Note that if a taxon is already specified elsewhere (like in another MRCA prior), you should use a referral to is <taxon idref="C"/>. The XML parser used when starting BEAST will complain about duplicate IDs otherwise.

Add many monophyletic constraints

When you have only a handful of monophyletic constraints, setting these up in BEAUti will be fine, but if you have many, it may be easier to add a MultiMonophyleticConstraint and specify your constraints using a tree in Newick format. The tree does not need to be a binary tree, so something like (A,B,(C,D,E)) would be perfectly fine to represent the two constraints on ABCDE and CDE. An added benefit is that checking for multiple constraints can be done with a single traversal of the tree, so is a bit more efficient than having a single MRCA prior for each clade.

Adding a MultiMonophyleticConstraint can be done in BEAUti in the priors panel. Make sure the BEASTLabs package is installed).
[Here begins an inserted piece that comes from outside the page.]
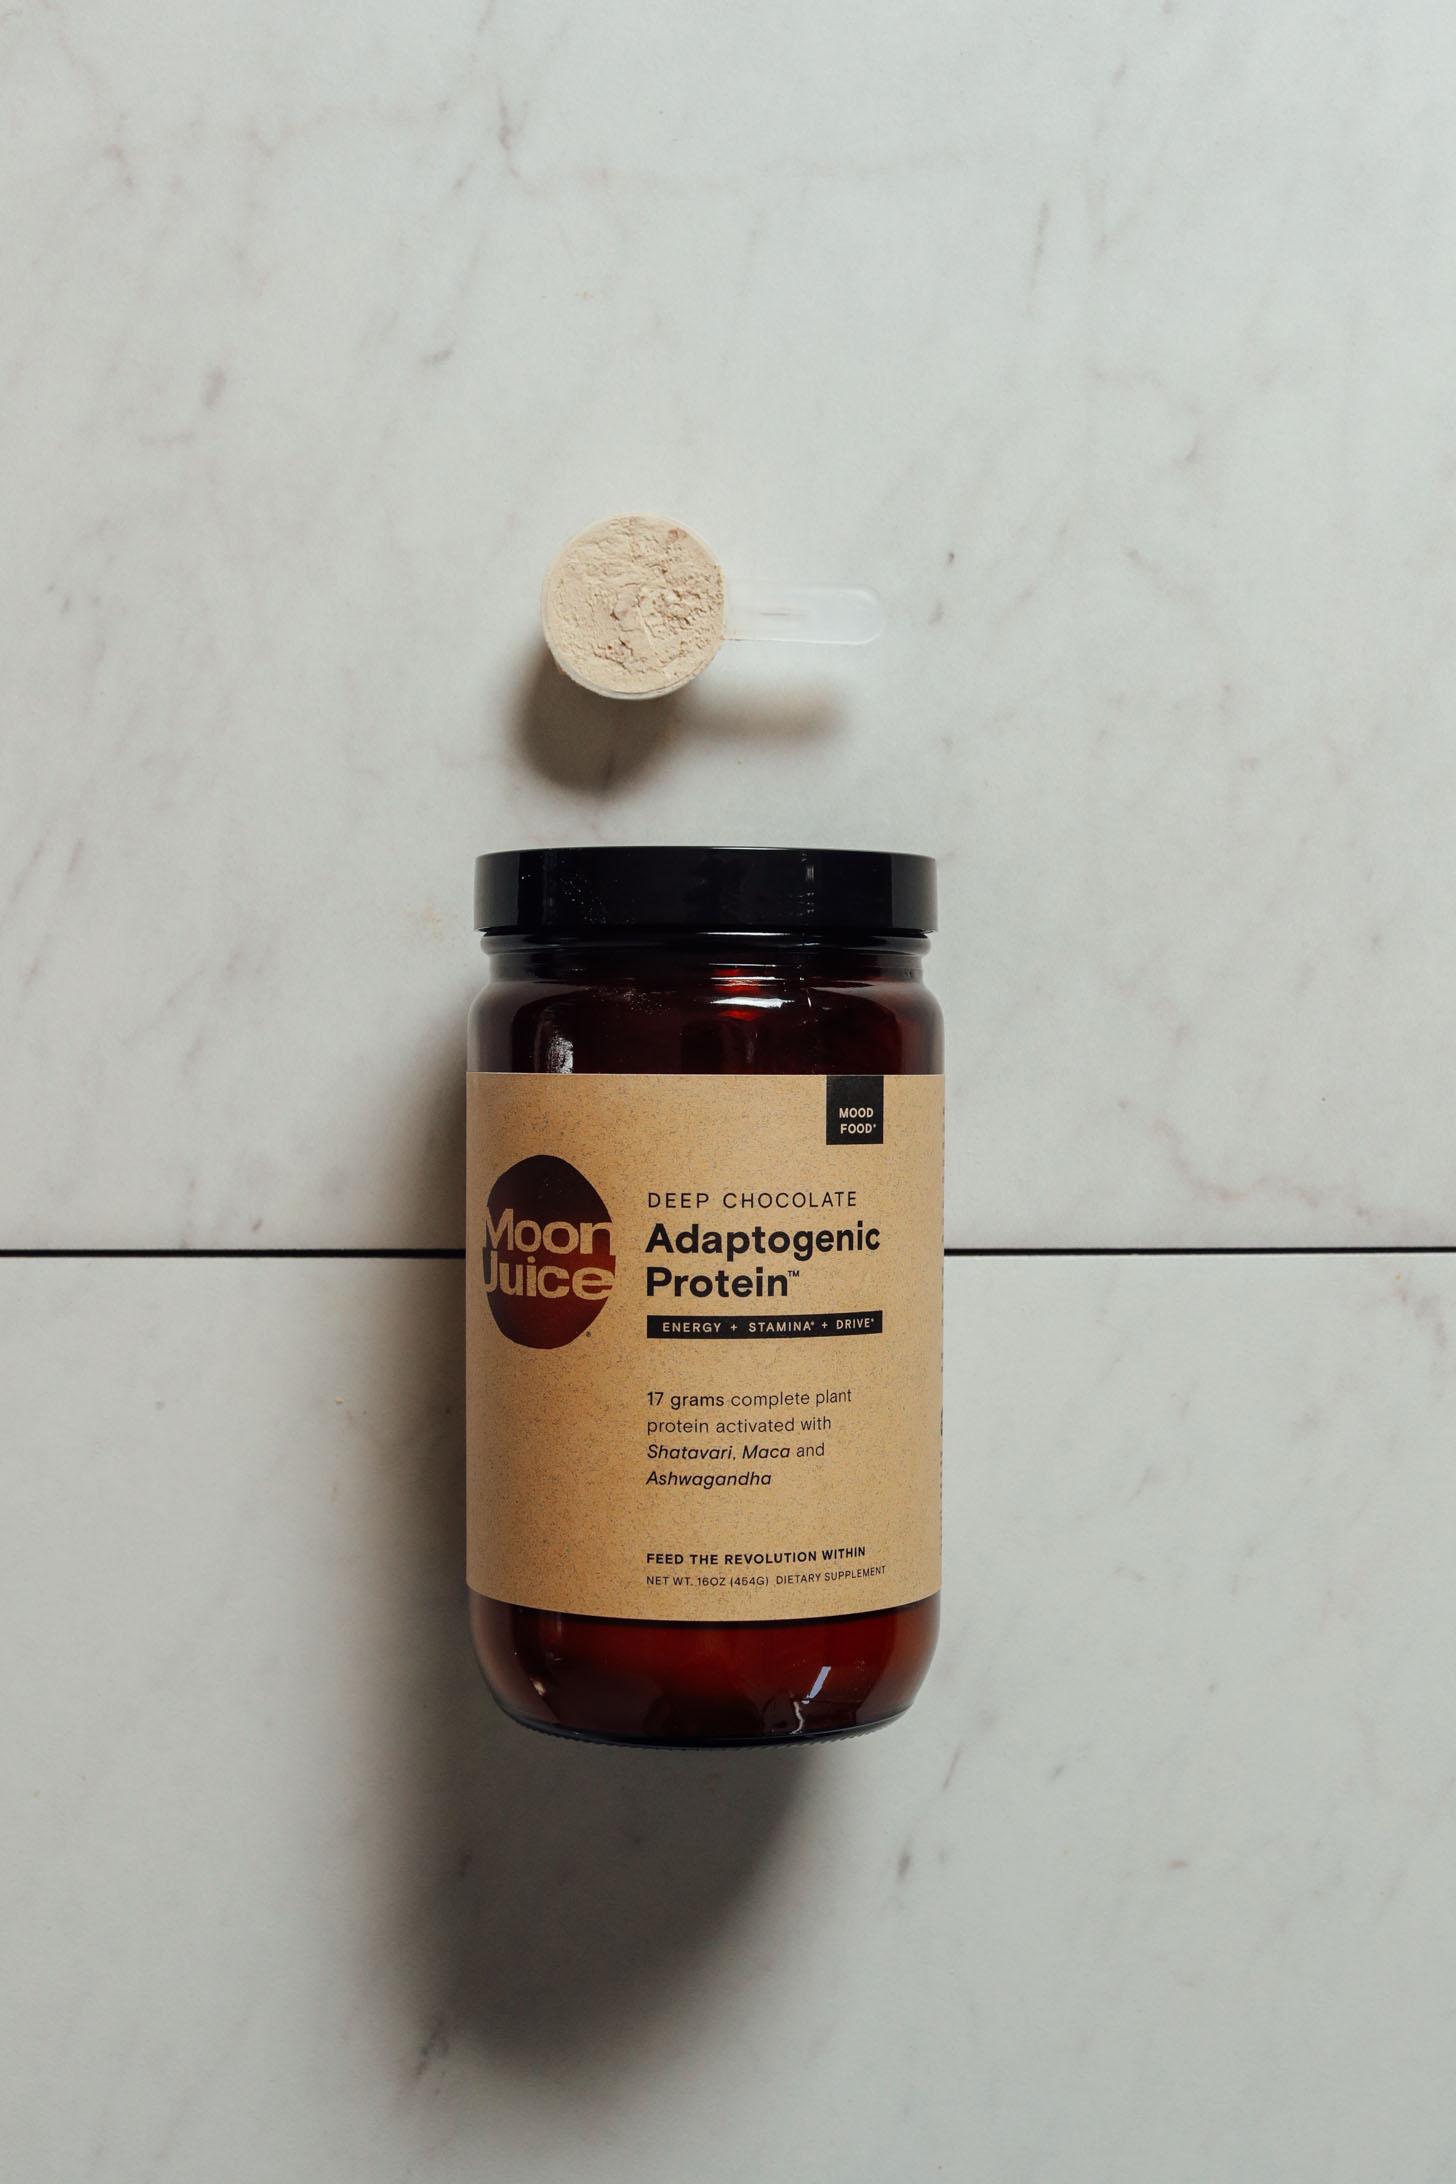 Jar and scoop of Moon Juice Adaptogenic Chocolate Protein Powder

  • Set up the rest of the analysis, go to the priors panel and click the + add priors.
  • A dialog pops up where you can choose Multipe monophyletic constraint.
  • (Optional) If there is more than one tree in the analysis, a dialog pops up that allows you to choose the tree to apply the constraint to. Select the appropriate tree, then click OK.
  • An entry appears in the priors panel, click the small triangle left next to the new entry.
  • Two entries appear: one labelled Newick where you can enter the constraints as a Newick tree.
  • The Is Binary entry is to indicate the inferred tree is binary, which is should be, so make sure the checkbox next to IsBinary is checked.
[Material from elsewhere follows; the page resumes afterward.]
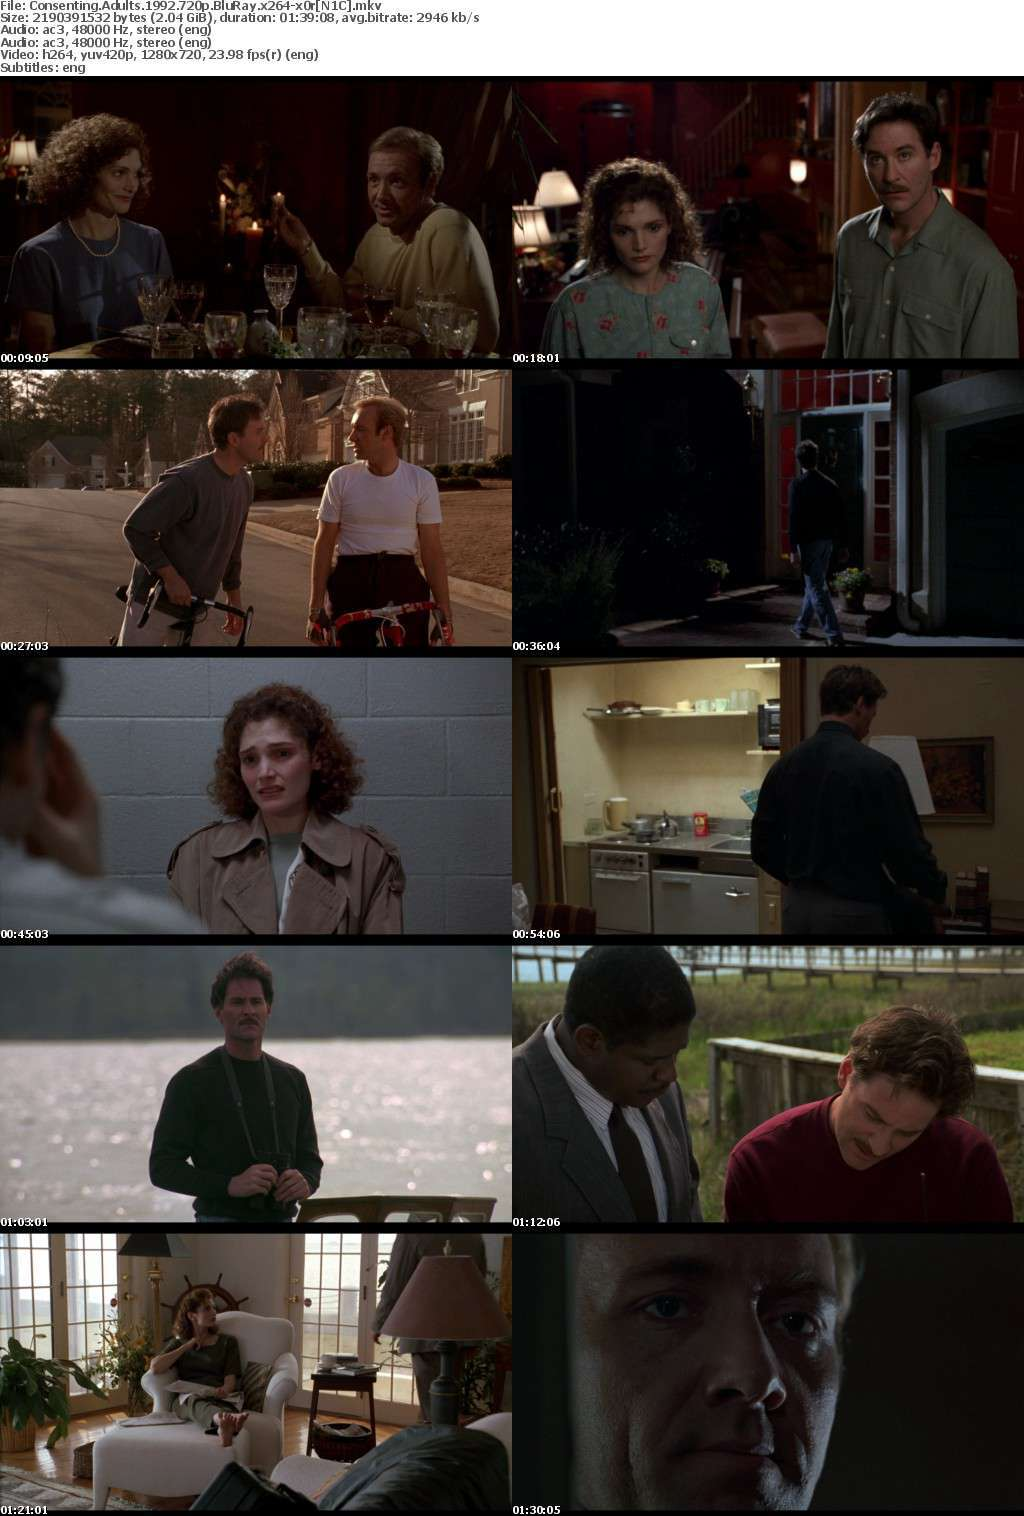 Consenting Adults (1992) 720p BluRay x264-x0r

Mix of MRCAPriors and a MultiMonophyleticConstraint

When you have multiple constraints, specified in a mixture of MRCA priors and multi monophyletic constraints, you can combine these in a single distribution through MultiMRCAPriors, which can be more efficient if you have many constraints. This requires some XML editing using a text editor and assumes some familiarity with BEAST XML:

  • find the MultiMonophyleticConstraint distribution element and rename spec="beast.math.distributions.MultiMonophyleticConstraint" with spec="beast.math.distributions.MultiMRCAPriors".
  • make sure there is a closing tag, i.e. if the distribution element ends in /> change that to ></distribution>.
  • move all MRCA priors into the new distribution element.
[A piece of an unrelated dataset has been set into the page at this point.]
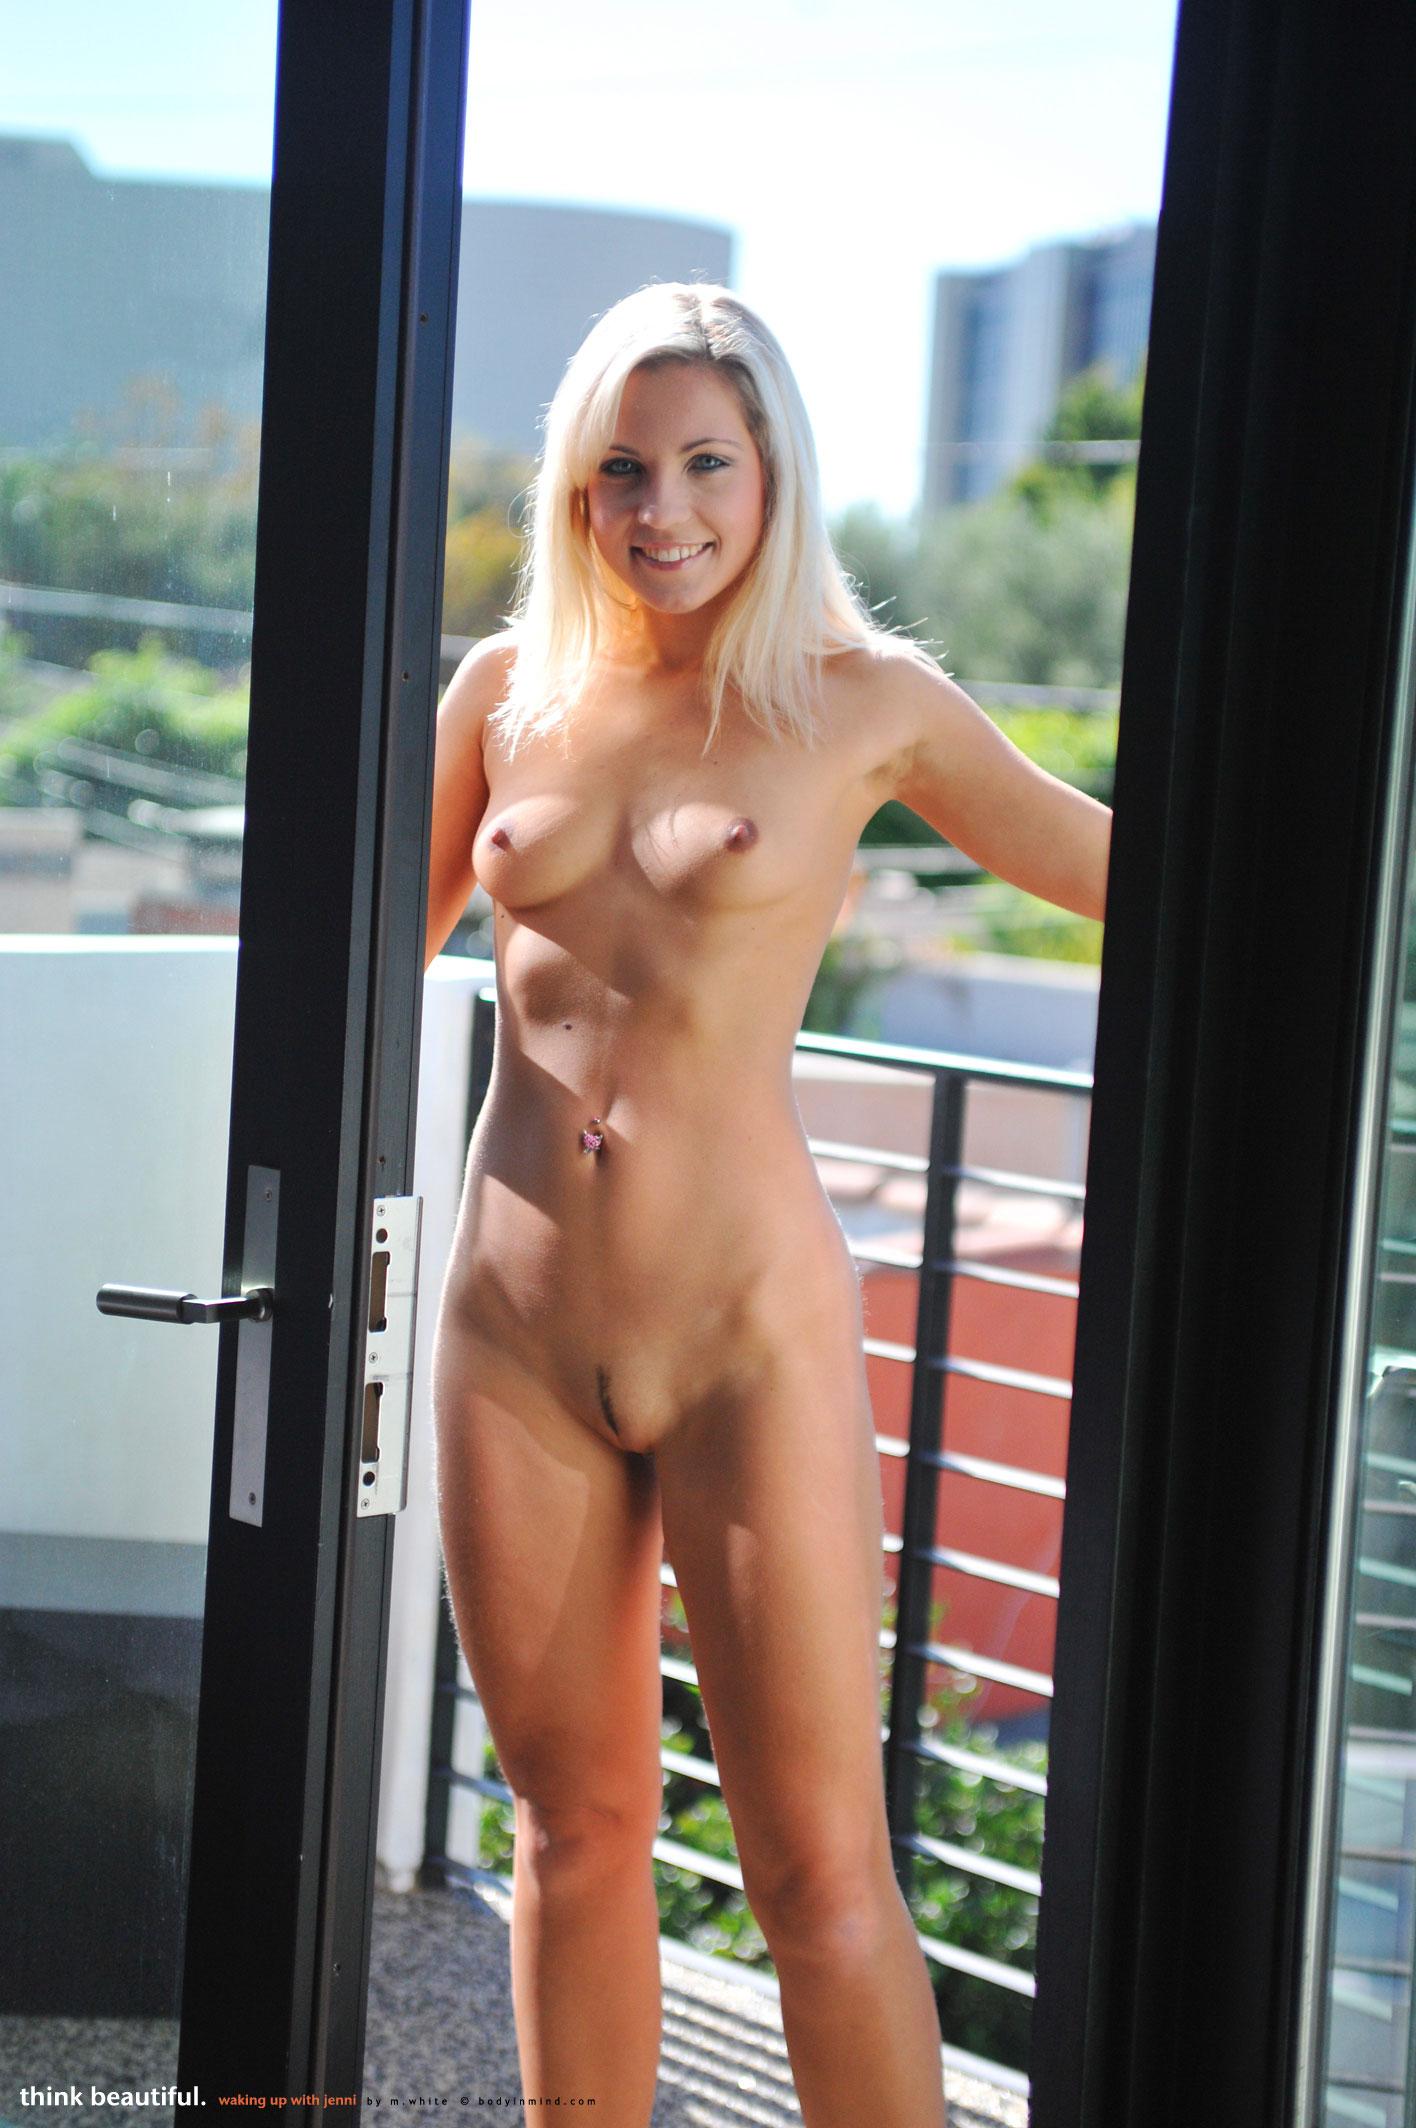 Nude Pictures Girlfriend Ex#3

Adding a single monophyletic constraint for analysis that won’t start

Sometimes it is difficult to find a starting tree that conforms to all MRCA priors added to the analysis. For these cases, it can help to add AlmostMRCAPriors from the AlmostDistributions package. See README for how to install the package. The difference between an Almost MRCA prior and a standard MRCA prior is that when the clade is not monophyletic it does not return -infinity, but puts a large penalty on the clade not being monophyletic. As a result, an invalid starting tree will not stop the MCMC like with the standard MRCA prior. Once a proposal is done that moves the tree into a valid state (i.e. makes the clade monophyletic) it will never accept a proposal that makes the tree non-monophyletic again.

To use AlmostMRCAPriors,

  • install the AlmostDistributions package,
  • Set up the analysis with normal MRCA priors as outlined above,
  • Then open the XML file in a text editor and do search/replace MRCAPrior/AlmostMRCAPrior.
  • Save the XML

Adding monophyletic constraints with fossil calibrations

You can add MRCA priors and add a distribution on the height of the clade, but if you have more information about the fossilisation process, you can use a FossilPrior from the CladeAge package instead.